Wednesday, September 24, 2008

Reading the iPhone

The iPhone has a wonderfully clear, hi-rez screen, and seems a perfectly usable platform for ebooks -- not as good as the Kindle, but better than the Palm V on which I once read "Don Quixote."

Sadly, Plucker hasn't been ported to the iPhone yet, putting it somewhere behind the 1999 Palm V in functionality.

There are a plethora of eBook readers available for download from the App Store. Most of them cost money; Stanza is one of the exceptions. It's got some decent books available for download, and the library interface is only moderately wonky, but... but. The book reader is TERRIBLE. Rendering takes minutes--not downloading, but rendering--and tilting the screen triggers a complete re-render, meaning that any accidental tilt interrupts your reading for 2-3min. Completely unusable.

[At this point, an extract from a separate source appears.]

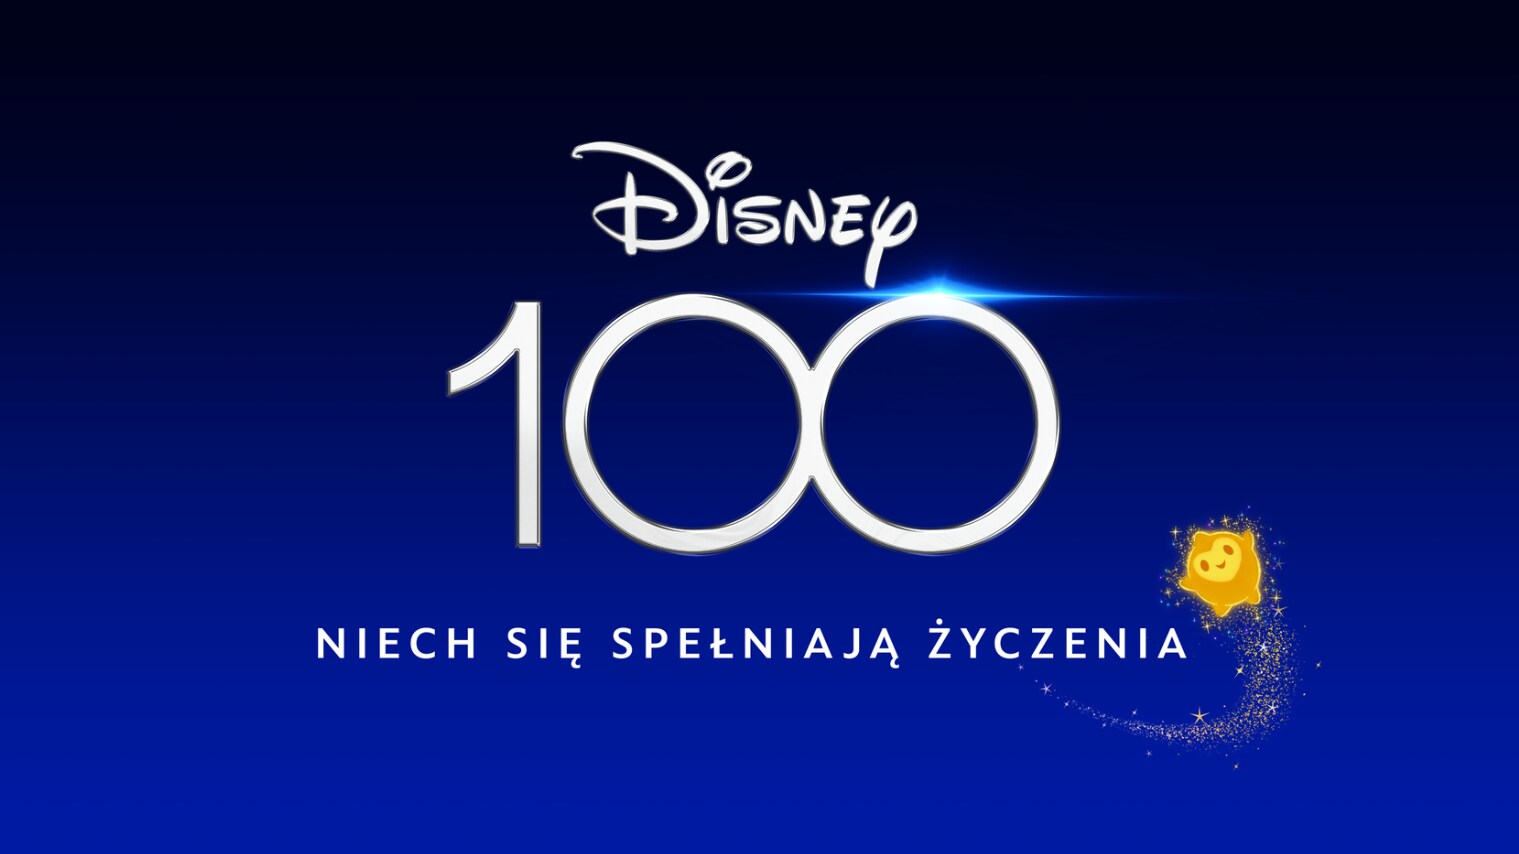 Disney kończy obchody 100 rocznicy świąteczną kampanią o wielkiej mocy życzeń 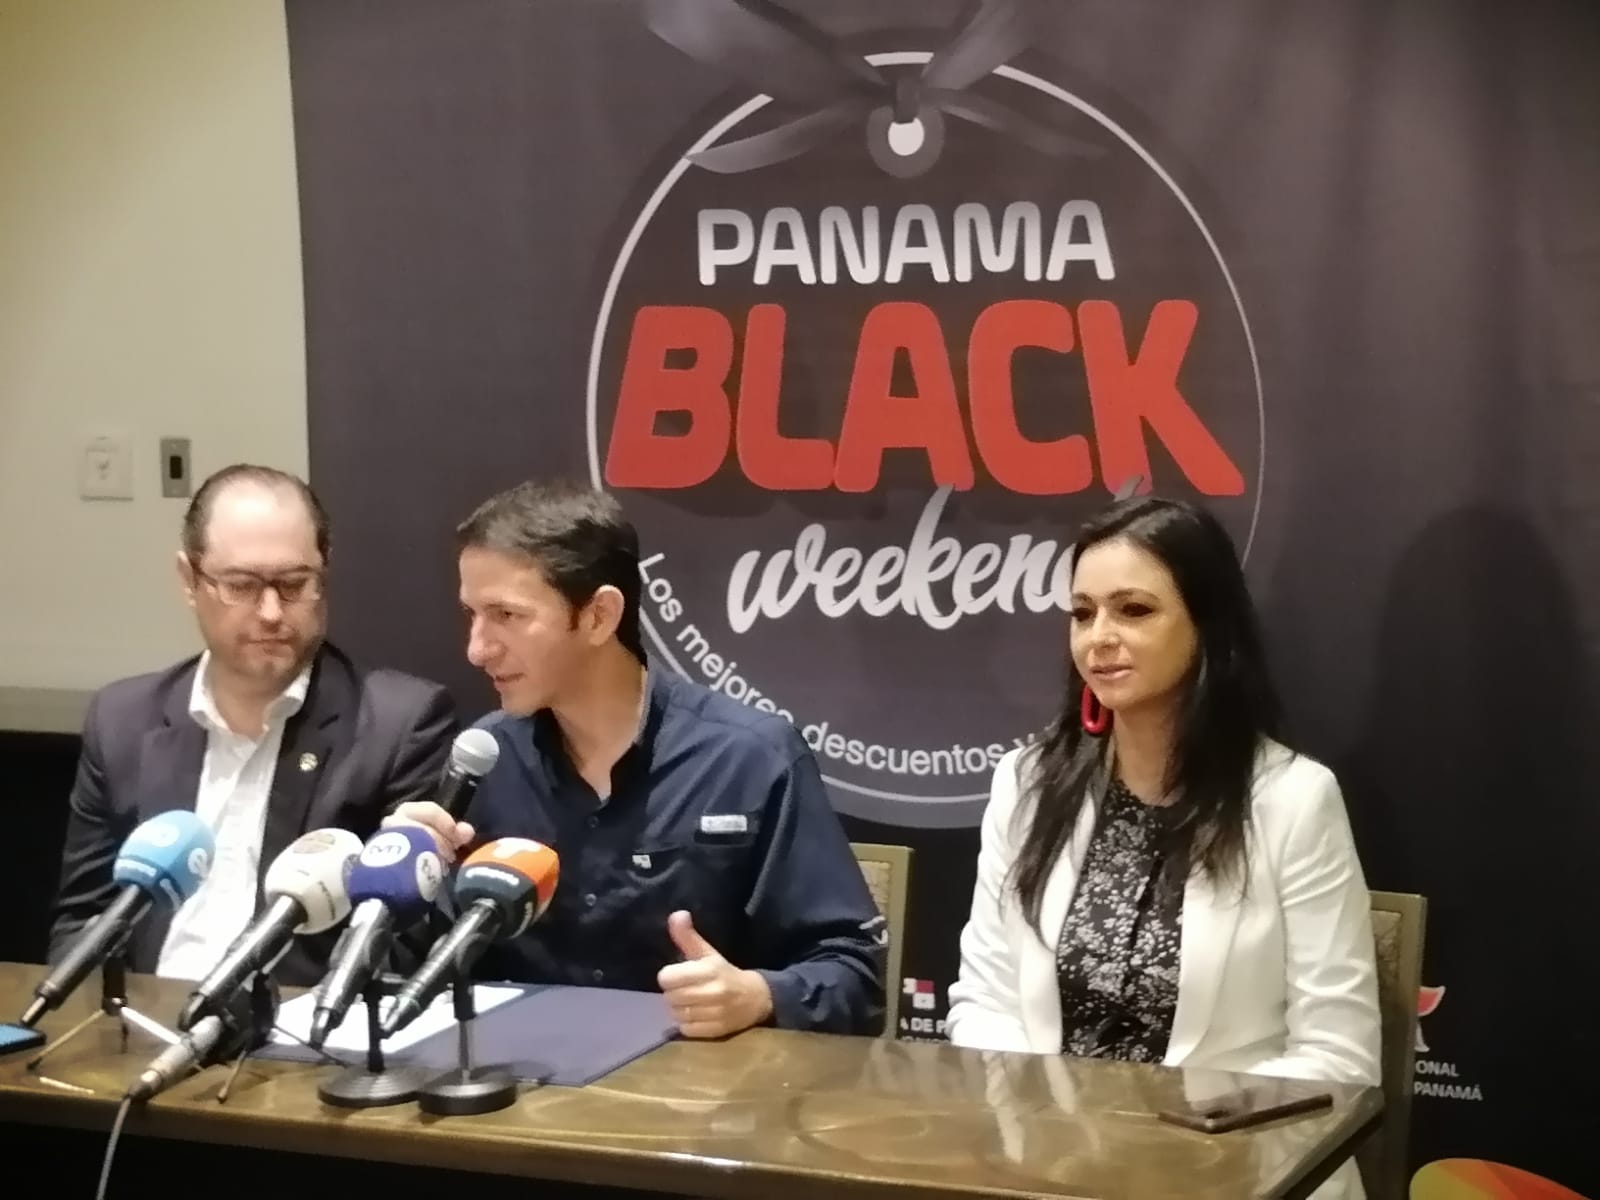    En conferencia de prensa, este lunes, se informó que el Panamá Black Weekend (PBW) que se realizó a nivel nacional del 14 al 18 de septiembre cerró con ventas aproximadas de $84 millones,  un incremento del 20%

The best book reader I've found is the iPhone's built-in PDF viewer, accessed via Air Sharing, an app that was free a week ago but now costs $6.99. Air Sharing allows you to connect to a network share on your iPhone via WebDAV, which initially sounds only mildly interesting, until you realize that files within that share can be opened for viewing on the iPhone.

PDFs rendered this way open fast, rotate even faster, and the viewer state--ie, which page you're on--is saved between Air Share sessions. It would be perfect were it not for the sometimes screen-unfriendly nature of PDFs.

Text and HTML files can also be viewed, and the Text viewer retains state, but render times are prohibitive.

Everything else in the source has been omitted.